**WHAT TO DO:** What you return should be the complete listing, unchanged, with no pictures in it.

START DATA

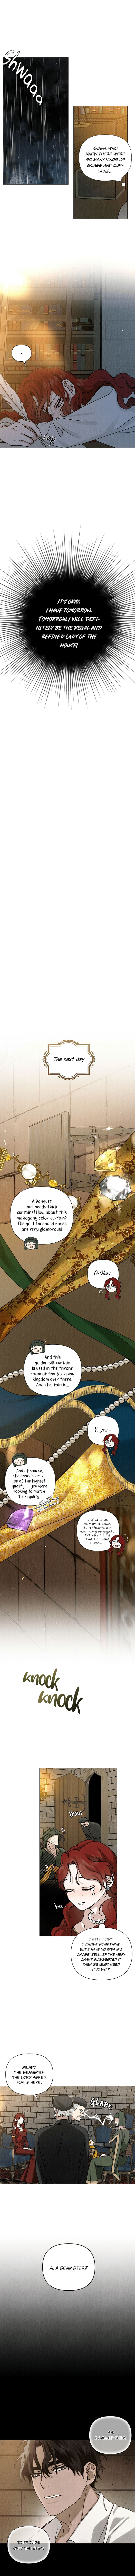 Under The Oak Tree - 13 page 5
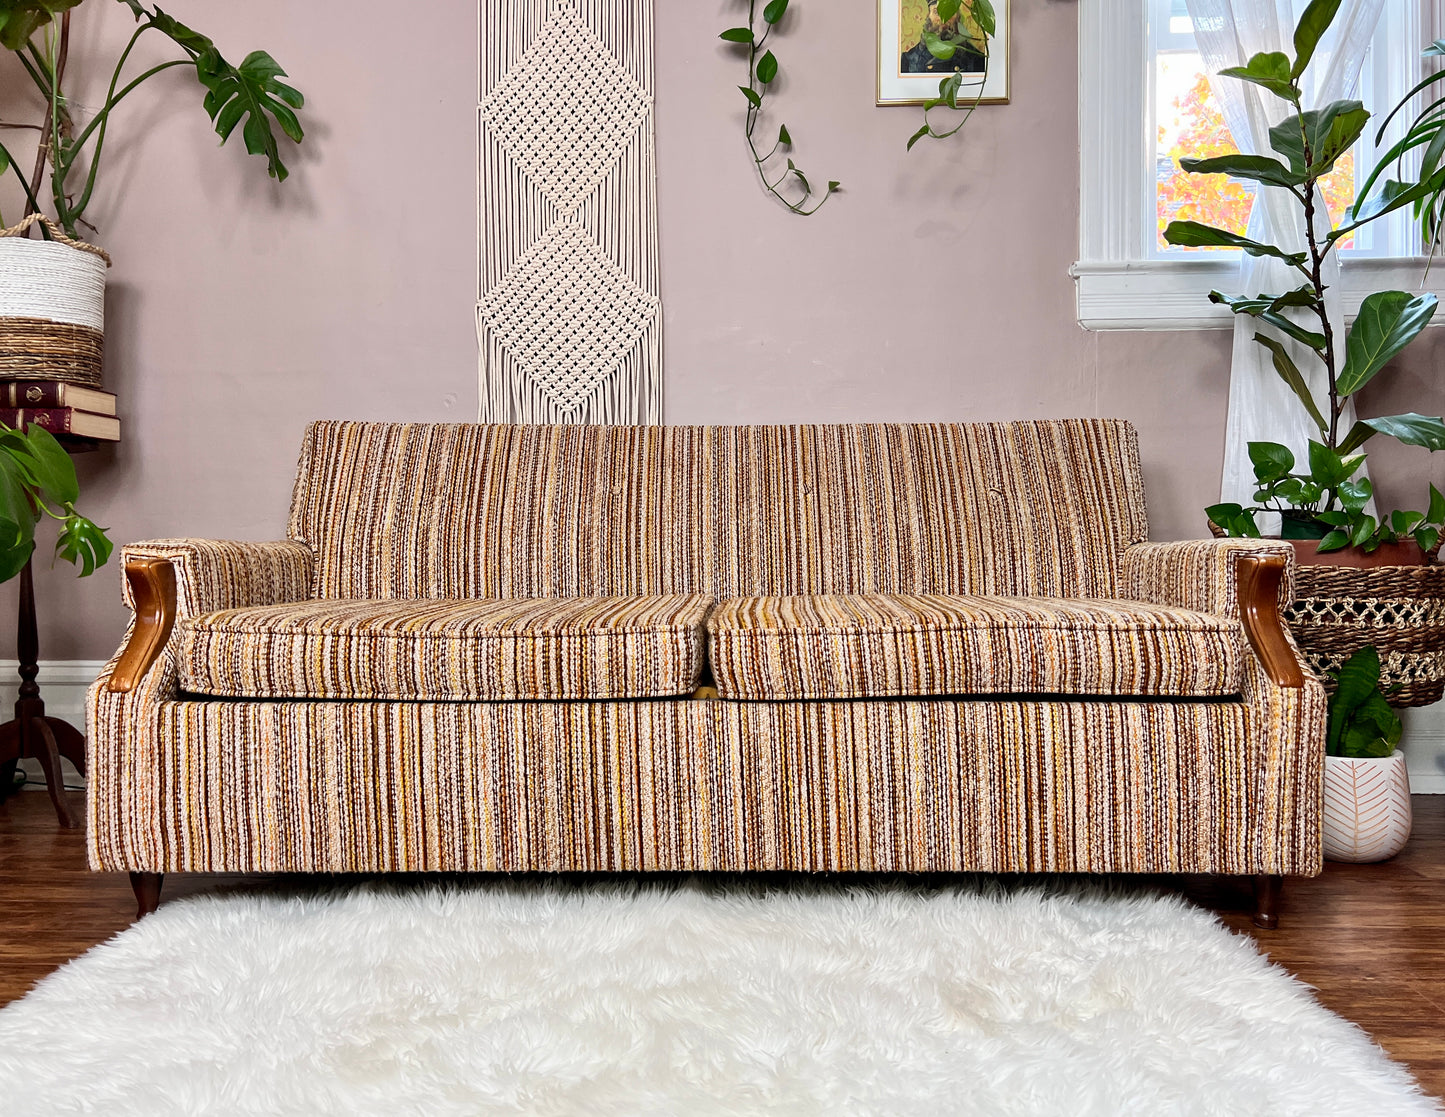 The Quincy Sofa
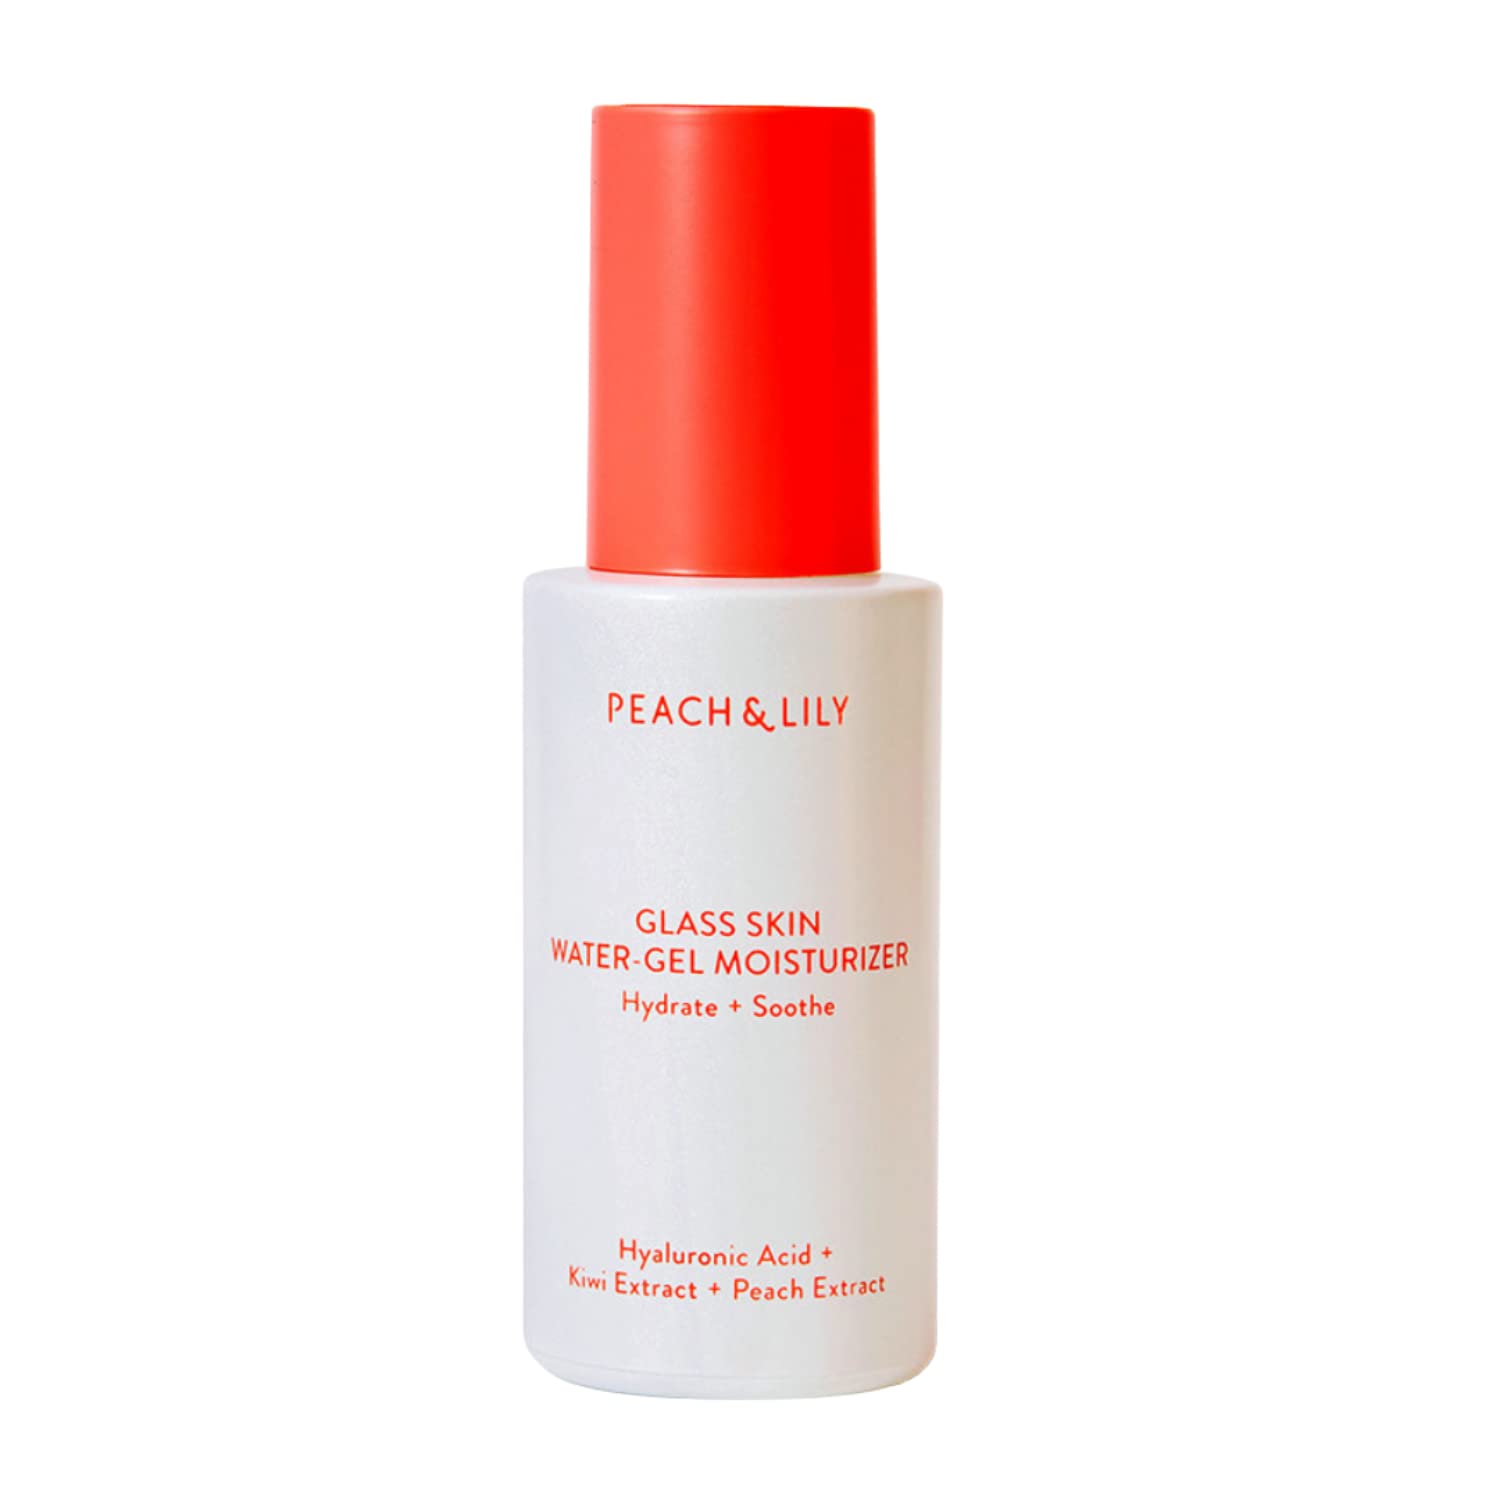 Peach & Lily Glass Skin Water-Gel Oil-Free Moisturizer

END DATA

**SOLVED EXERCISE:**
 Under The Oak Tree - 13 page 5
 The Quincy Sofa
 Peach & Lily Glass Skin Water-Gel Oil-Free Moisturizer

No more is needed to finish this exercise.